PROF uses compartmental models with a flexible, time-dependent transmission term to fit daily hospitalization data. Whereas pathogen can be fitted by either one of the models we support, however we do recommend using the SEIRH model for COVID-19 and the SIRH model for influenza. Both models include a hospitalization compartment which is split into two sub-compartments. This split ensures that the model preserves the correct generation time (T_{g}) and that the ratio between cumulative recovered and hospitalized individuals is determined by the infection-hospitalization-ratio (p_{H}). In the SIRH mode, individuals begin in the susceptible compartment. If exposed, they transition (β(t)) to the infectious compartment where there is a probability of hospitalization or recovery (p_{H}/1-p_{H}) Individuals progress (1/μ) from the first hospitalization compartment (H_{1}) to the second (H_{2}), and the number entering this compartment is recorded as daily incidence (and optimized, see below).
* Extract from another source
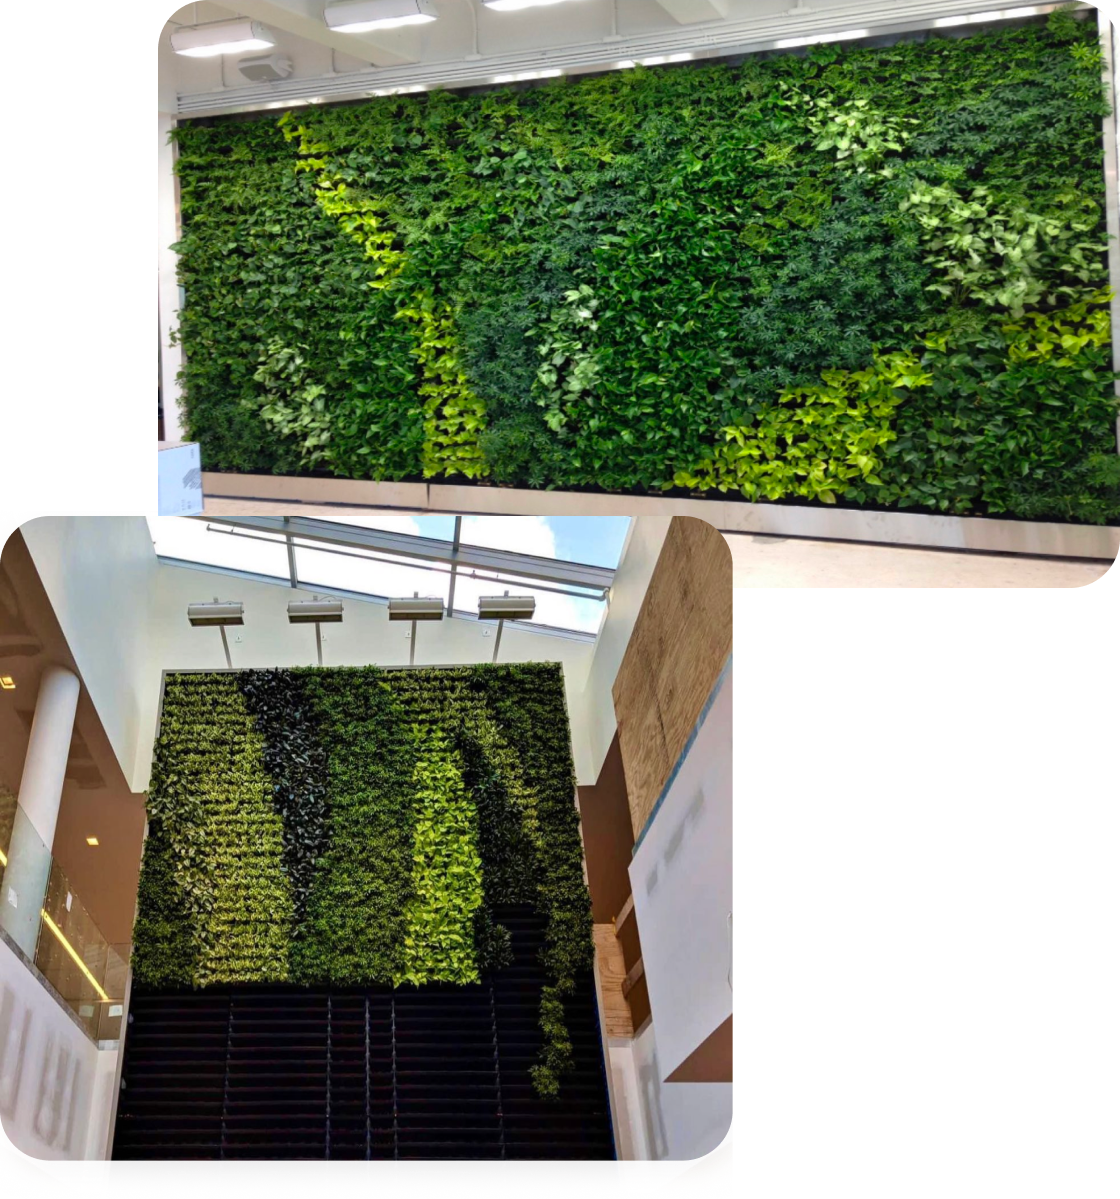 Two pictures of a Living green wall in a Vermont building.
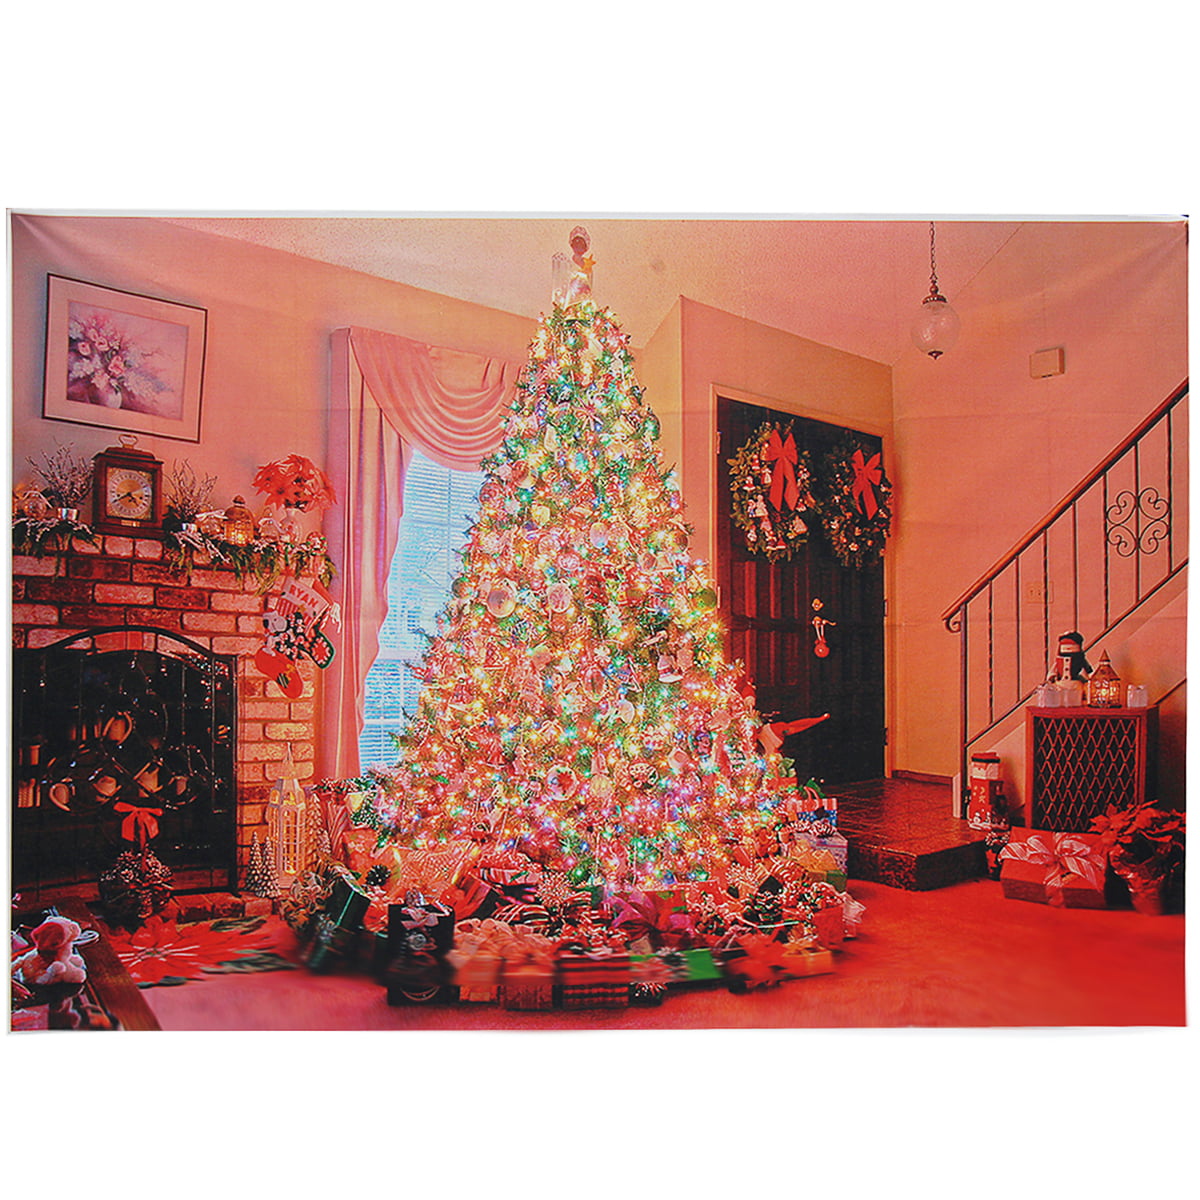 7x5 FT Christmas Theme Pictorial Cloth Photography Background Computer-Printed Backdrop 10-382

The SEIRH model is similar with the only difference being the addition of the Exposed (but not yet infectious) compartment.

While we recommend utilizing the SIRH model for influenza and SEIRH for COVID-19, PROF is flexible and supports the fitting of either model to either pathogen.

# Time-Dependent Force of Infection

We use a smoothly varying two- or three-value functional form to describe the time-dependent reproduction number: R(t) = β(t)γ, where β(t) is the time-dependent transmission rate is γ is the total recovery rate.

$$R(t)=\frac{1}{2}\left( R_{0} + R_{1} + (R_{1}-R_{0})tanh\left( \frac{t-t_{0}}{L} \right) \right)$$

The above equation is for the case of a two-value R(t). It produces a smooth curve where at roughly time t_{0} the value of R(t) transitions from R_{0} to R_{1}
with an approximate transition time of ~2L days. For the general case of three (or more) values see Ben-Nun et al. 2022

# Methodology

## Fitting, Forecasting, and Combined Burden with a Compartmental Mechanistic Model

PROF fits each pathogen independently and sequentially. For each pathogen, we determine the joint posterior distribution of model parameters by fitting the daily confirmed hospital admission time series using an adaptive-step-size MCMC procedure. Only parameters that govern the time variation of R(t) and the probability of hospitalization are optimized and all other parameters are taken from the literature. By default, a fast Fortran code is used for the MCMC procedure. Once the fitting of one pathogen is completed, PROF proceeds to fit the second pathogen. The posterior distribution of each fit can be used to (1) Create a probabilistic plot of the fit, (2) Create a probabilistic forecast (and plot thereof) for each pathogen. The final step for PROF is providing an estimate for the forecast of the combined burden. Currently, the combined burden is estimated in two ways (1) By summing the sorted trajectories of each pathogen (implying a perfect correlation between the errors of the two forecasts), or (2) By randomly summing the trajectories (implying no correlation between the errors of the two forecasts). In the near future, we plan to offer a third alternative which is based on an error correlation procedure we are working on.

## Baseline Statistical Model

In addition to fitting and forecasting the data with a compartmental model PROF can fit and forecast the data to a baseline statistical model. For weekly data, the median prediction of the baseline forecast is the corresponding target value observed in the previous week, and noise around the median prediction is generated using positive and negative 1-week differences (that is differences between consecutive reports) for all prior observations. The resulting sampling distribution is truncated to prevent negative values. PROF implements this model using daily data and uses it to sequentially fit or forecast the data.